Quality spam and virus filters.

"One disk to rule them all, One disk to find them. One disk to bring
them all and in the darkness grind them. In the Land of Redmond where
the shadows lie...and the Eye is everwatching"
-- The Silicon Valley Tarot Henrique Holschuh with ... Bob

On Fri, Jan 06, 2012 at 05:03:55PM -0500, Michael H. Warfield wrote:
> On Fri, 2012-01-06 at 15:00 -0600, John Heim wrote: 
> > Last week I was asking about using godaddy for DNS. Well, I finally figured 
> > out how to get godaddy to let us run our own DNS server. Toward the bottom 
> > of the page for setting nameservers is a button called "Host summary". You 
> > have to enter the names and IP addresses of your nameservers on that page 
> > before you can enter them onto the list of nameservers for your domain. So I 
> > did that and now we are up and running.
> 
> > Well, except for one thing. you can't do a reverse lookup on the IP address 
> > of our virtual machine. There is nothing I can do about that, right?
> 
> Probably not.
> 
> > This is 
> > a vm that is donated to us by a local web services company.
> 
> It's doubtful they even control their own reverse DNS.
> 
> > Its one thing 
> > to tell the world that www.iavit.org goes to 66.170.20.226. That can't mess 
> > anything up. But you can't have just anybody doing it the other way around. 
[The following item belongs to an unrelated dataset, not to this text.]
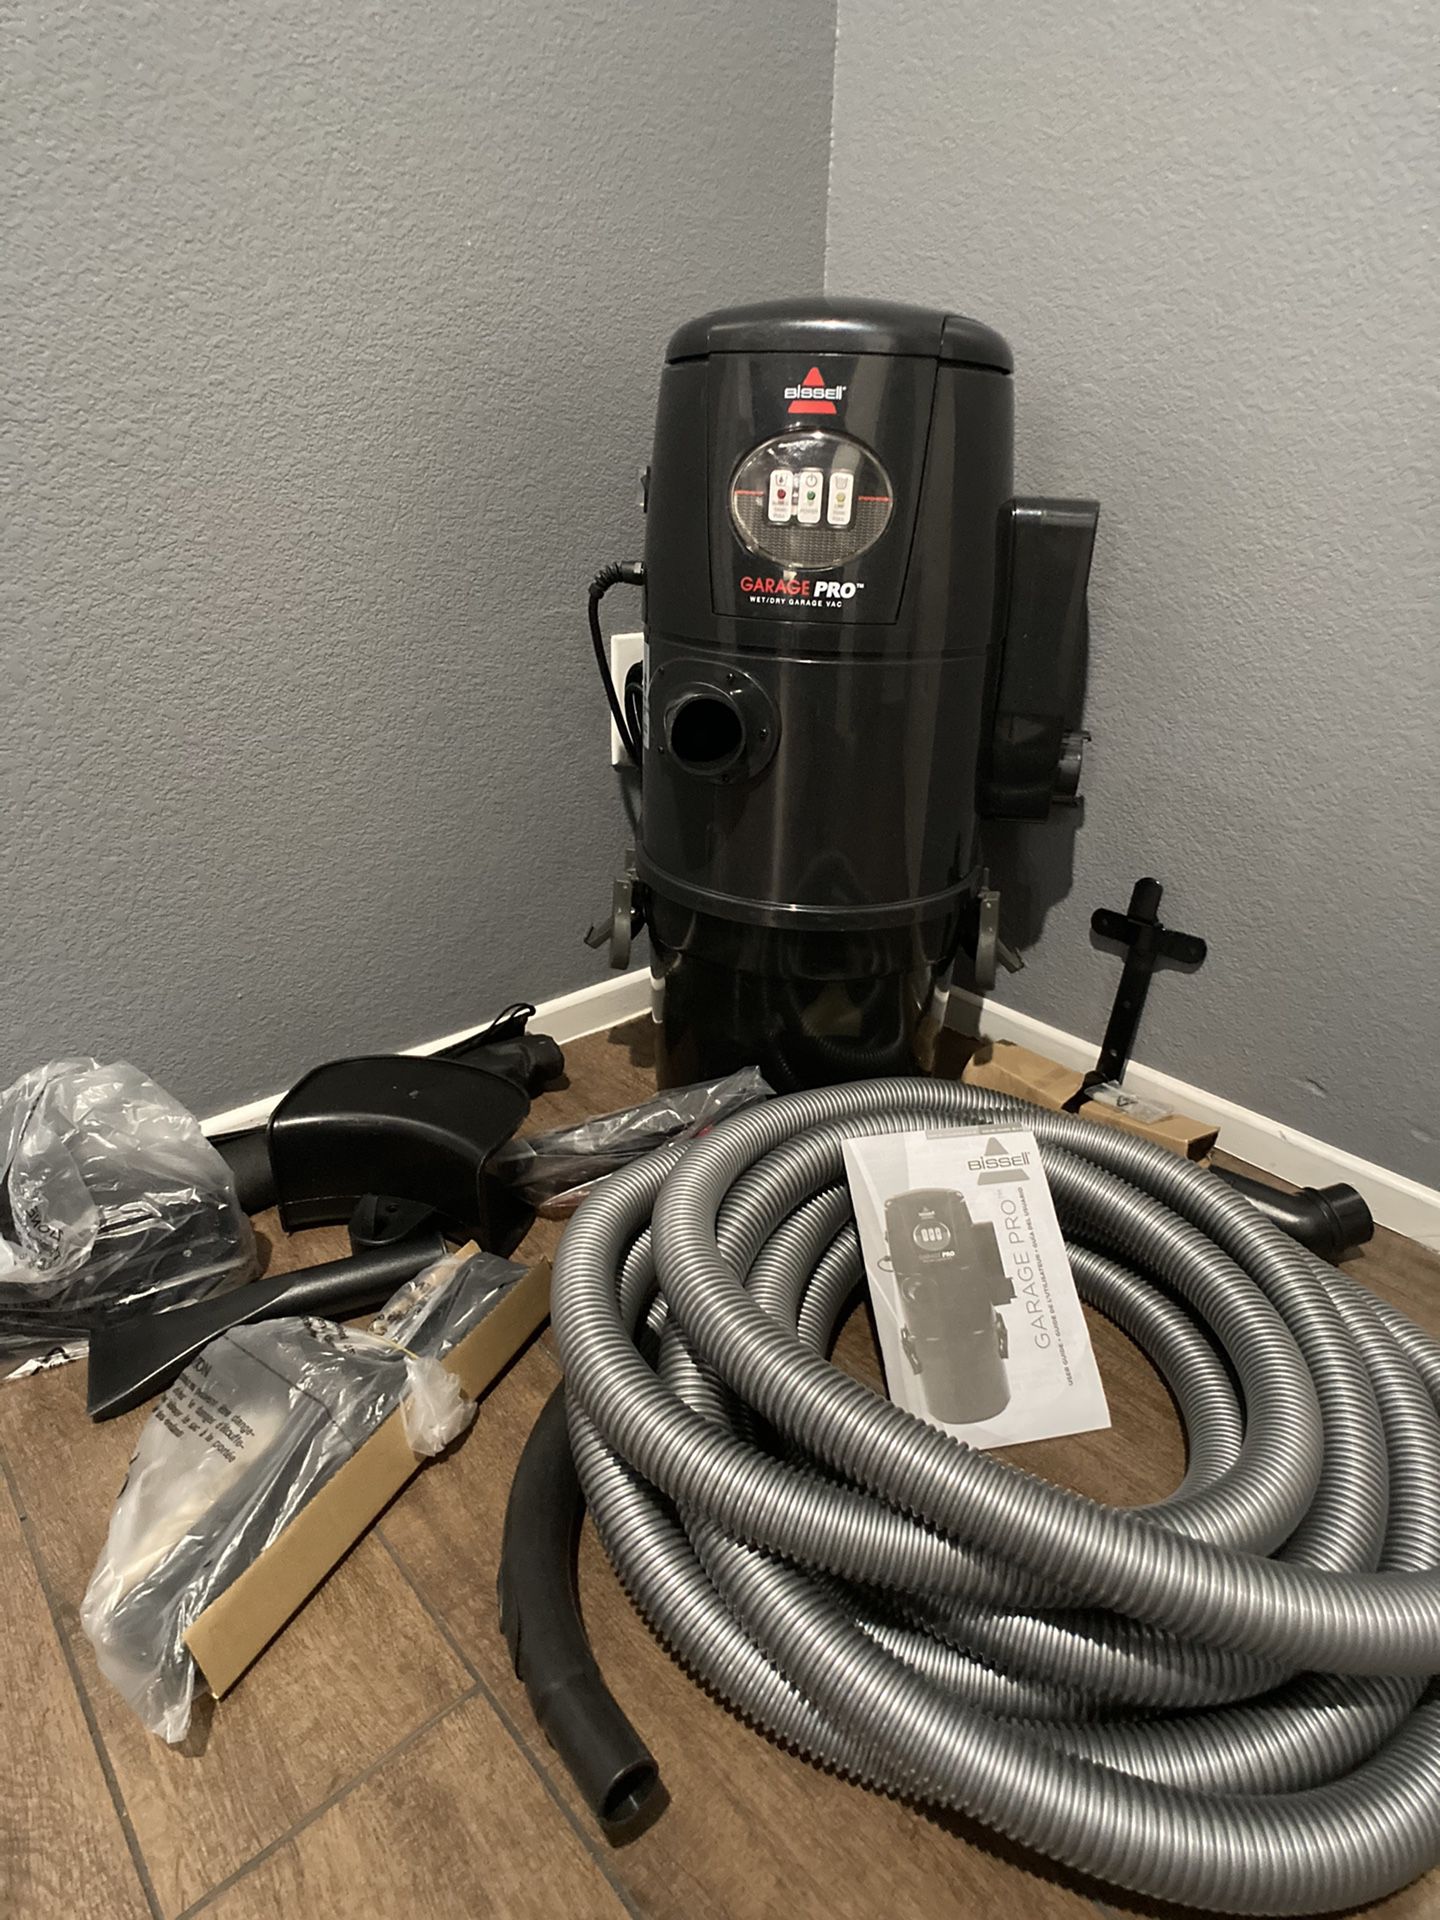 Bissell garage pro vacuum

> > If that was something anybody could do, the internet could be severaly 
> > messed up.
> 
> No, that's not quite the situation.  In fact, the reverse DNS is MORE
> often thoroughly messed it.  In general, it's a morass.  It's an
> entirely separate hierarchy and structure under the .arpa. TLD
> (in-addr.arpa. for IPv4 and ip6.arpa. for IPv6).
> 
> No, the problem is in its structure and how it's organized and
> delegated.  I have a large enough block of addresses that I have my own
> delegated nameservers for that namespace that are actually registered
> with ARIN.
> 
> If you do a lookup on my web server you'll get this forward:
> 
> [mhw at canyon ~]$ host www.wittsend.com
> www.wittsend.com has address 130.205.32.81
> 
> If you do the reverse, you get this:
> 
> [mhw at canyon ~]$ host 130.205.32.81
> 81.32.205.130.in-addr.arpa domain name pointer amethyst.wittsend.com.
> 
> (You'll notice they don't match - Amethyst is the canonical name of that
> server - they don't have to match).
> 
> Now you see what was actually looked up was "81.32.205.130.in-addr.arpa"
> looking for a pointer (PTR) record.  But that record has to exist as an
> individual resource record in the "32.205.130.in-addr.arpa" zone (drop
> the 81. on the left).  So I have a zone file for that entire block of
> 256 addresses.  Here are a few of the records from that file:
> 
> $ORIGIN 32.205.130.in-addr.arpa.
> ;
> 
> ;
> 74              IN PTR slate.wittsend.com.
> 75              IN PTR ruby.wittsend.com.
> 76              IN PTR emerald.wittsend.com.
> 77              IN PTR perl.wittsend.com.
> 78              IN PTR basalt.wittsend.com.
> 79              IN PTR granite.wittsend.com.
> 80              IN PTR mercury.wittsend.com.
> 81              IN PTR amethyst.wittsend.com.
> 82              IN PTR mica.wittsend.com.
> 83              IN PTR dark-tower.wittsend.com.
> 
> So, you see, that's all being managed in one spot under one zone shared
> for all those addresses.  That would normally be delegated from the zone
> above it, 205.130.in-addr.arpa in this case, either by using NS
> delegation records in the parent zone or having the parent do zone
> transfers and be authoritative for the child, or reside on the same name
> server and have the child essentially inherit the parent's delegation.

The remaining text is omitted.